Cresce a pirataria de vinil

A alta das vendas de discos de vinil e toca-discos, principalmente na Europa e nos EUA, vem fazendo surgir um “novo” negócio: a pirataria de discos.

Segundo o Financial Times, o relançamento do disco de vinil provocou uma nova forma de contrabando – e uma repressão da indústria da música, na qual 87 mil cópias falsas no valor de 1,7 milhão de libras foram apreendidas nos últimos três anos.

As falsificações, vendidas em sites como eBay e Amazon, foram recuperadas por uma equipe que trabalha na British Phonographic Industry, o órgão de comércio do Reino Unido. O BPI disse que confiscou 14 mil itens com um valor de mercado de cerca de 200 mil libras este ano, enquanto o problema continua a crescer.

A indústria da música vem combatendo a pirataria desde o final da década de 1960, quando os contrabandistas responderam a um boom de demanda por certos artistas ao prensar concertos gravados ilegalmente e raridades em vinil. Mas o jogo mudou na virada do século com a ascensão de sites como o Napster, quando o compartilhamento em massa de arquivos de música digital desencadeou um colapso nas vendas de CDs que levou quase duas décadas para ser revertido.

O compartilhamento ilegal de arquivos deu lugar, em grande parte, aos serviços de assinatura on-line, mas estes ainda não fornecem às empresas de música os mesmos níveis de lucros que no passado. O renascimento do vinil, embora ainda seja um nicho da indústria, forneceu um impulso bem-vindo aos fluxos de renda. Quase 4,2 milhões de discos de vinil foram vendidos em 2018, gerando £ 57,1 milhões para a indústria musical britânica, ou 6% da receita total, já que iniciativas como o “Record Store Day” ajudaram a ressuscitar o formato. Para terem uma ideia do crescimento desta indústria, em 2007, apenas 205.000 discos de vinil foram vendidos no Reino Unido.
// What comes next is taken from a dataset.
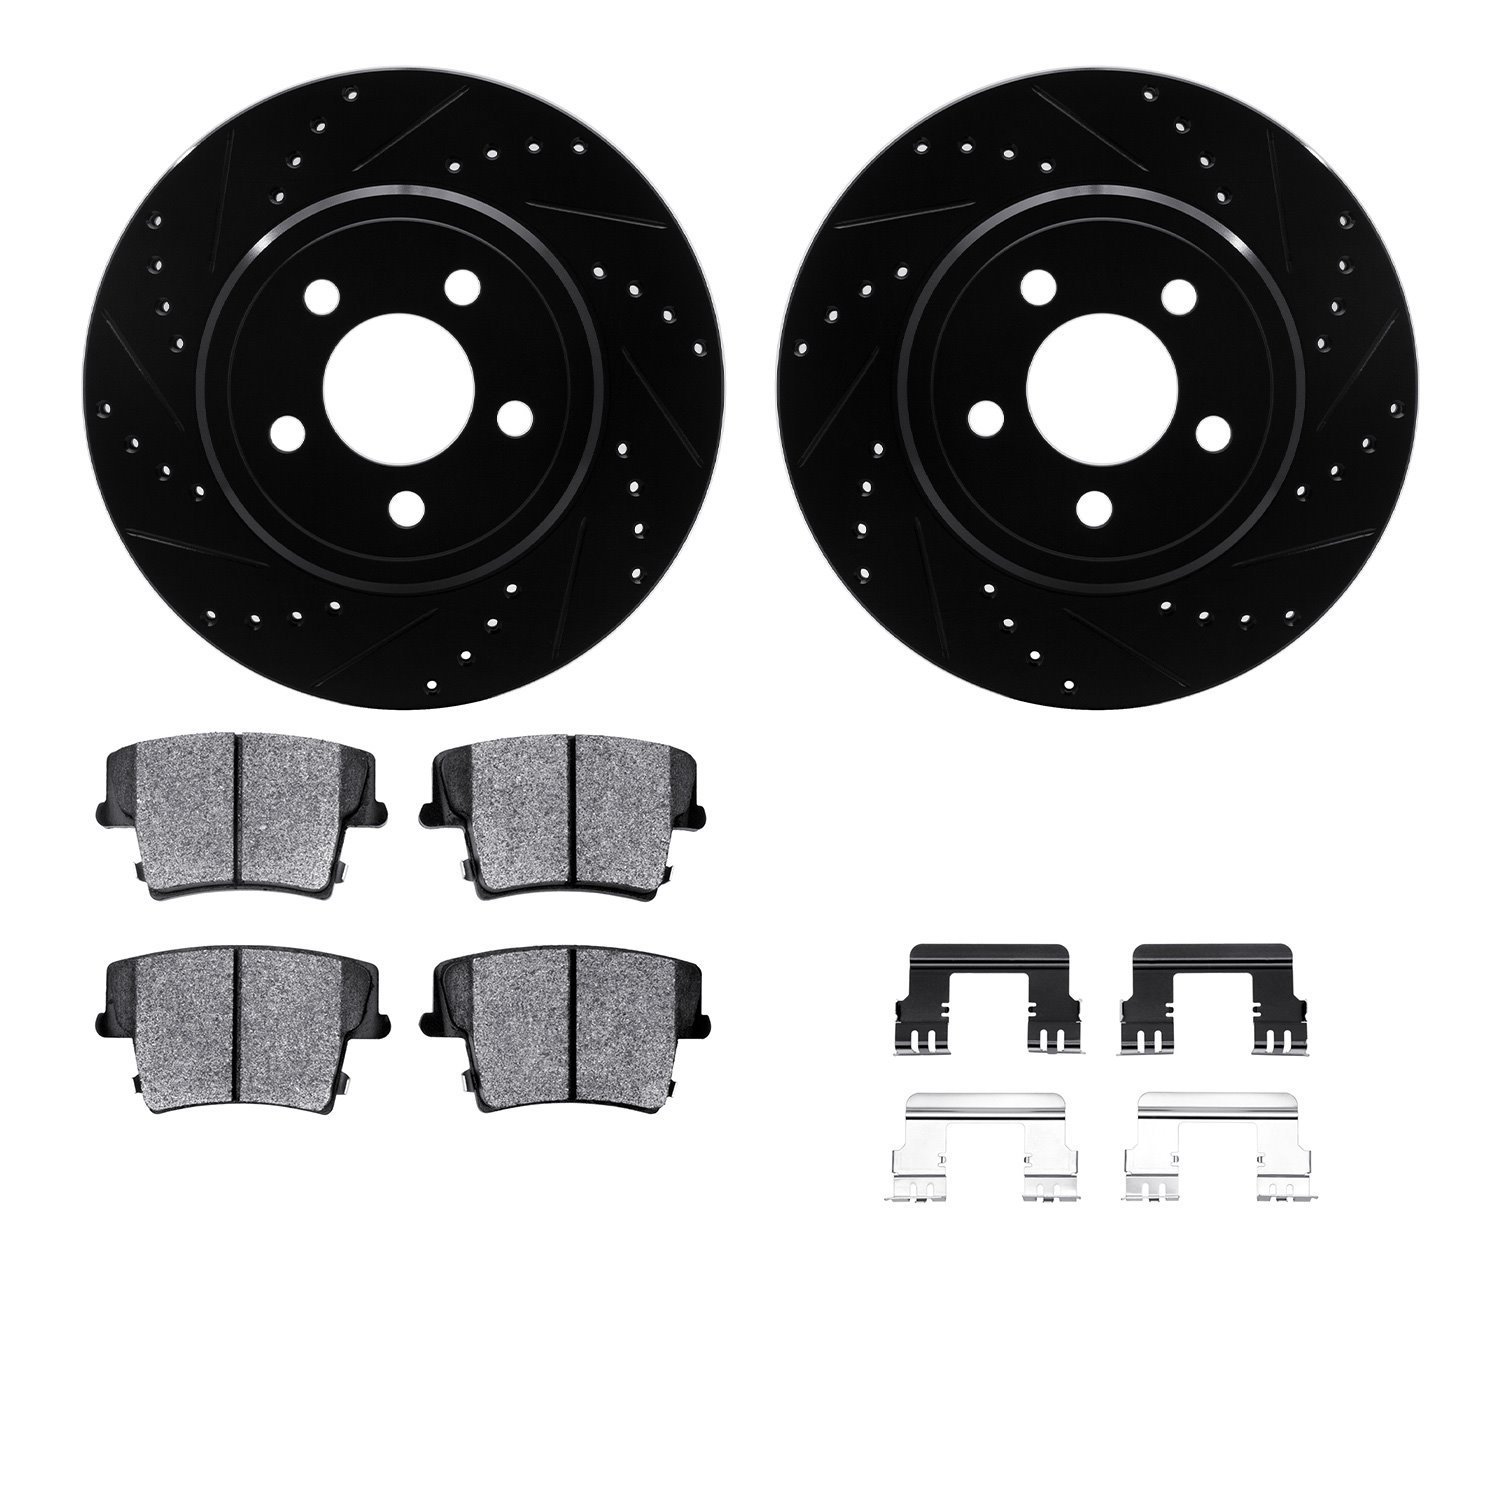 8312-39036 Drilled/Slotted Brake Rotors with 3000-Series Ceramic Brake Pads Kit & Hardware [Black], Fits Select Mopar, Position:

A natureza colecionável e o alto preço do vinil levaram à produção de falsificações. Eles variam de versões de álbuns de sucesso a raridades falsas.

O BPI é capaz de detectar falsificações quando os números de catálogo não coincidem com os de lançamentos genuínos ou detalhes, como a cor do vinil ou o país de origem, não estão corretos. O BPI citou álbuns de nomes como The Beatles e Pink Floyd listados no eBay como exemplos de falsificações claras.

Uma gangue no País de Gales que fabricava vinil de sete polegadas foi presa em dezembro de 2018 . Os homens usavam fábricas de vinil no Reino Unido, na República Tcheca e na Itália para encomendar dezenas de milhares de novos registros que pareciam raridades. O BPI disse que manteve conversas com varejistas on-line para fortalecer suas políticas para penalizar os reincidentes e investir em novos softwares que possam detectar claramente produtos falsificados antes que eles sejam colocados à venda. “O renascimento do vinil, que viu as vendas de LPs atingirem seus níveis mais altos em quase três décadas, gerou um aumento no fornecimento de produtos falsificados e piratas, frequentemente distribuídos por meio de mercados on-line”, disse Geoff Taylor, diretor executivo da BPI. “Enquanto alguns destes podem parecer genuínos para os fãs, eles são geralmente de qualidade inferior e significam que o artista não é pago pela música, já que todos os lucros vão para as gangues de criminosos”. As raridades de vinil genuínas podem custar grandes somas de dinheiro. Uma cópia original da London American Recordings do clássico “ Open the Door to Your Heart ”, de Northern Soul, de Darrell Banks, foi desenterrada em 2014. Visto como “santo graal” para colecionadores, foi vendido em leilão por mais de £ 11.000.